● EXERCISE DIRECTIONS
Restate word for word the lines below that run from the one holding "Tapion's Music Box" through the one holding "4 Hi-Tech 3D", inclusive. Pictures don't belong in the copy.

● ENTRIES PROVIDED
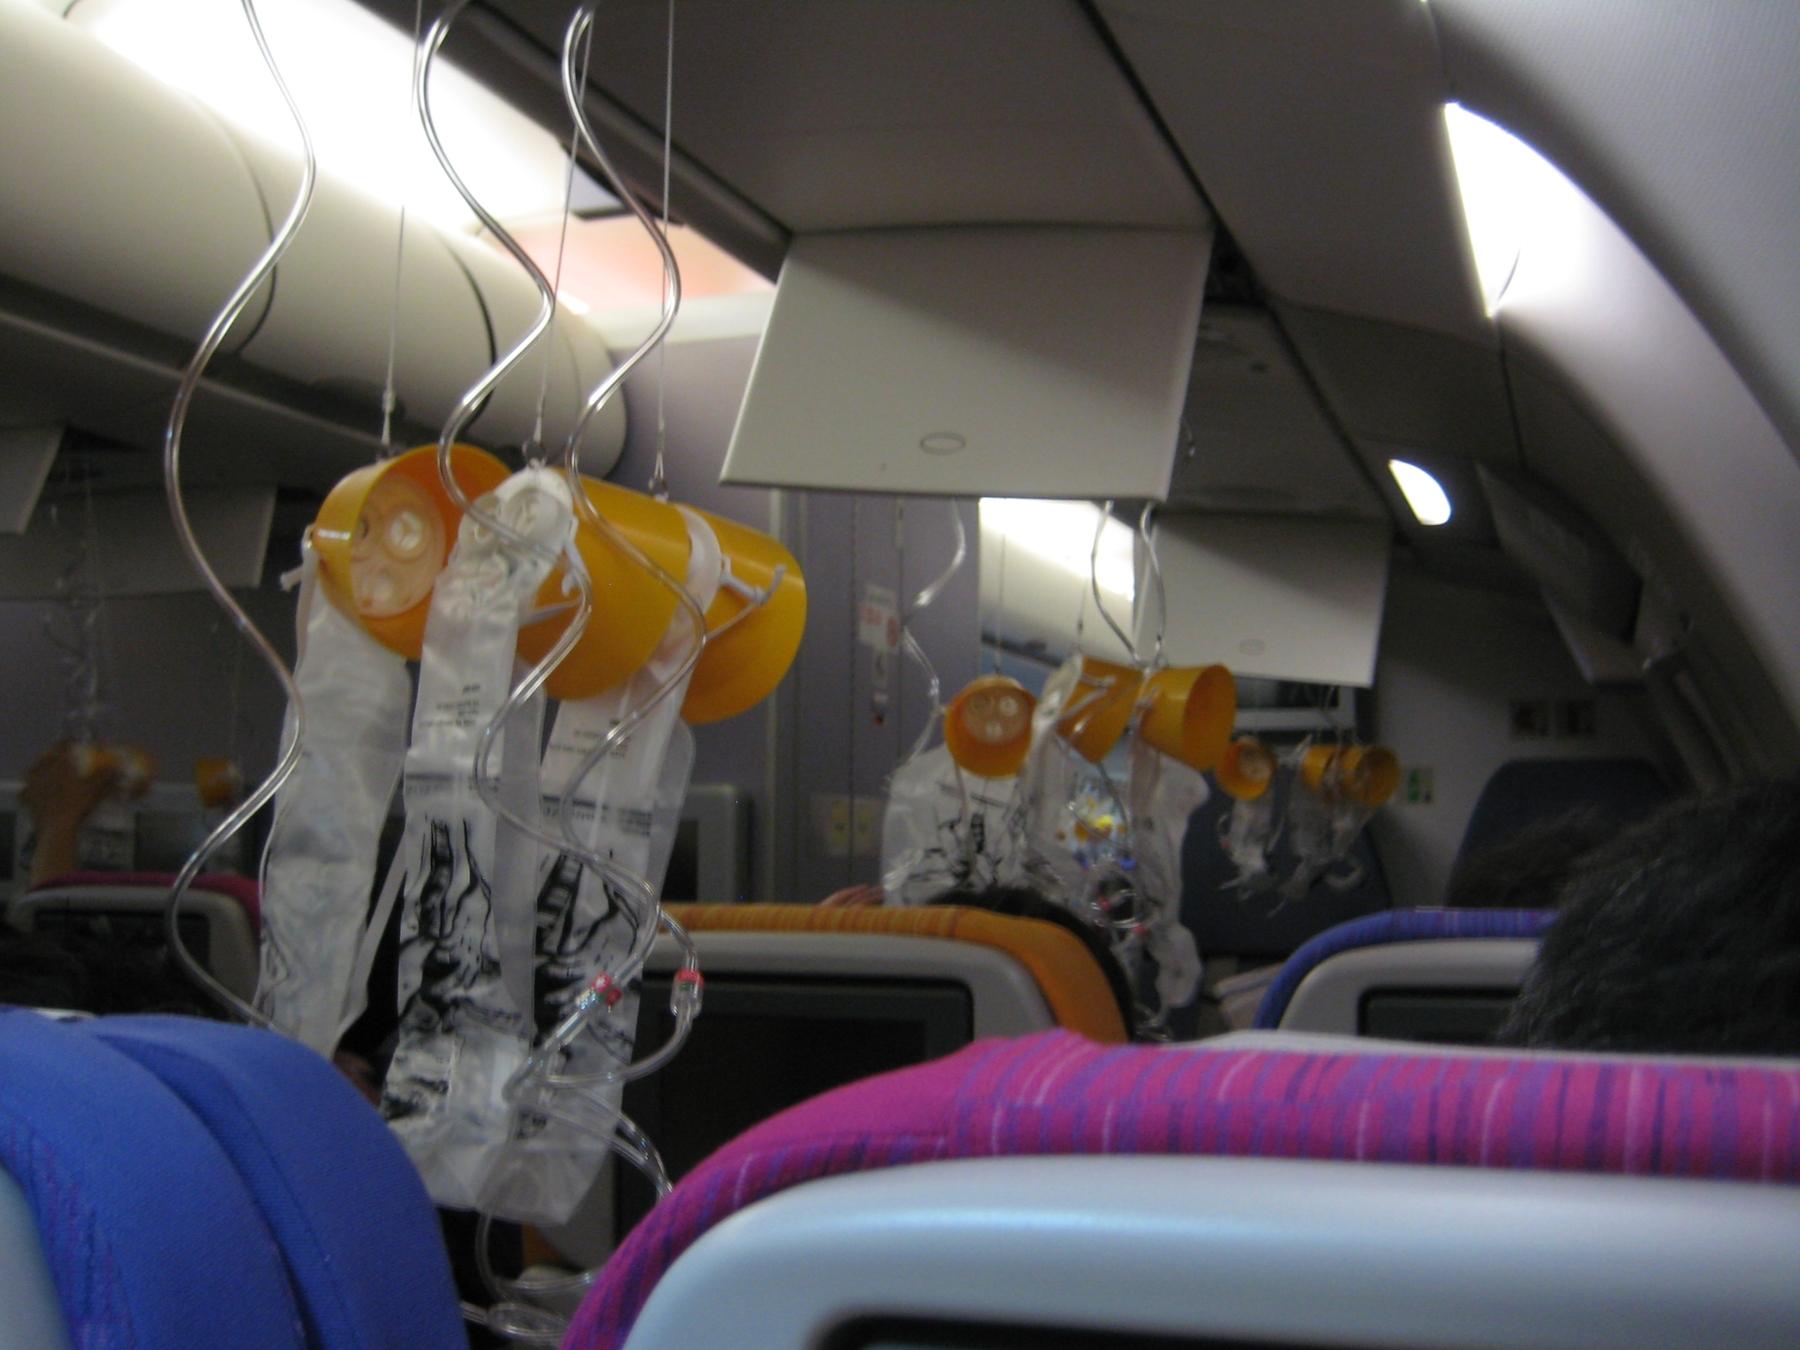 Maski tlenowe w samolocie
...
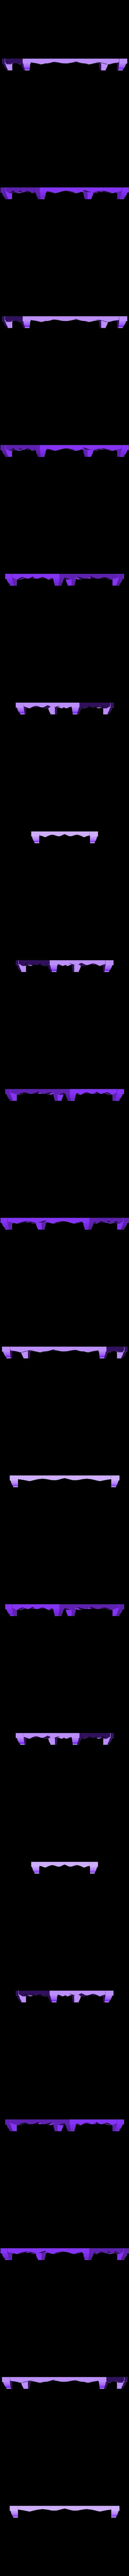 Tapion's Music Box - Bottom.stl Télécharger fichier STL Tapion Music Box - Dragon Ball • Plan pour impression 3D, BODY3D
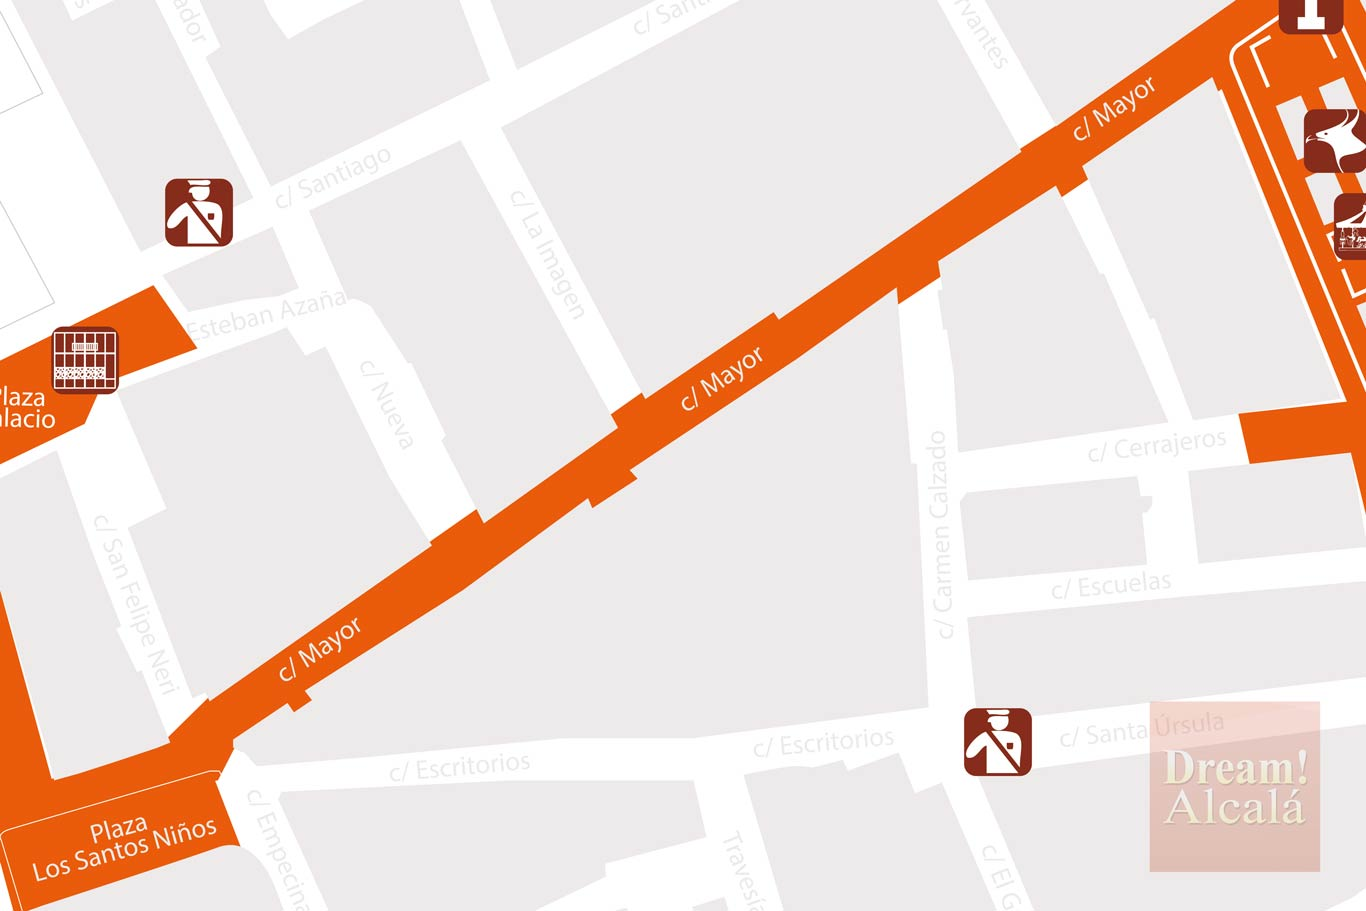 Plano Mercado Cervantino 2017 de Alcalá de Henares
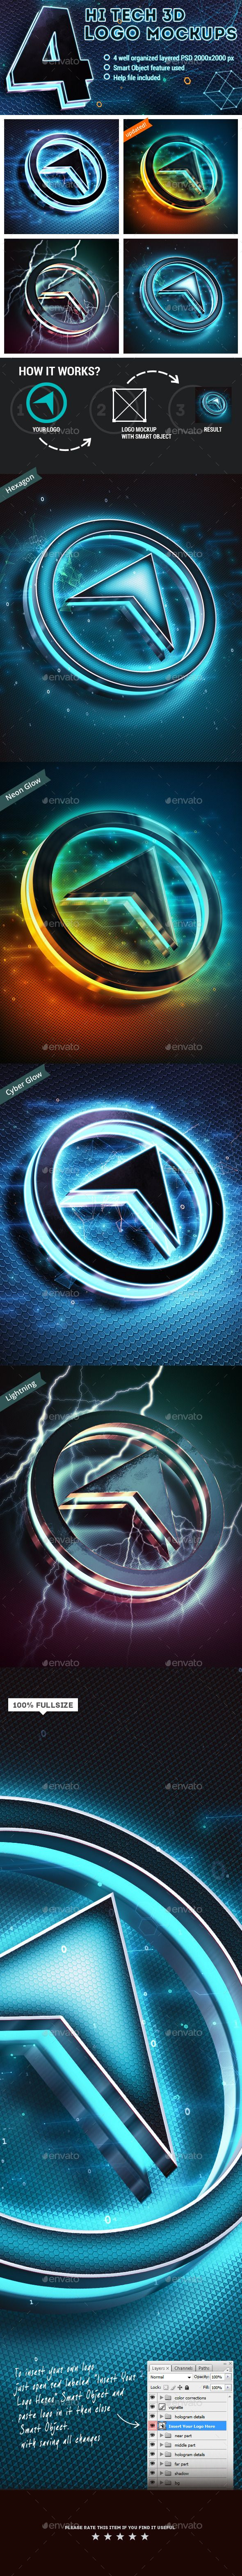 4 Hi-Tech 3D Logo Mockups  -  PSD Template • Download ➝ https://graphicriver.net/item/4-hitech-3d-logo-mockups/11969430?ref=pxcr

● ANSWER BELOW
 Tapion's Music Box - Bottom.stl Télécharger fichier STL Tapion Music Box - Dragon Ball • Plan pour impression 3D, BODY3D
 Plano Mercado Cervantino 2017 de Alcalá de Henares
 4 Hi-Tech 3D Logo Mockups  -  PSD Template • Download ➝ https://graphicriver.net/item/4-hitech-3d-logo-mockups/11969430?ref=pxcr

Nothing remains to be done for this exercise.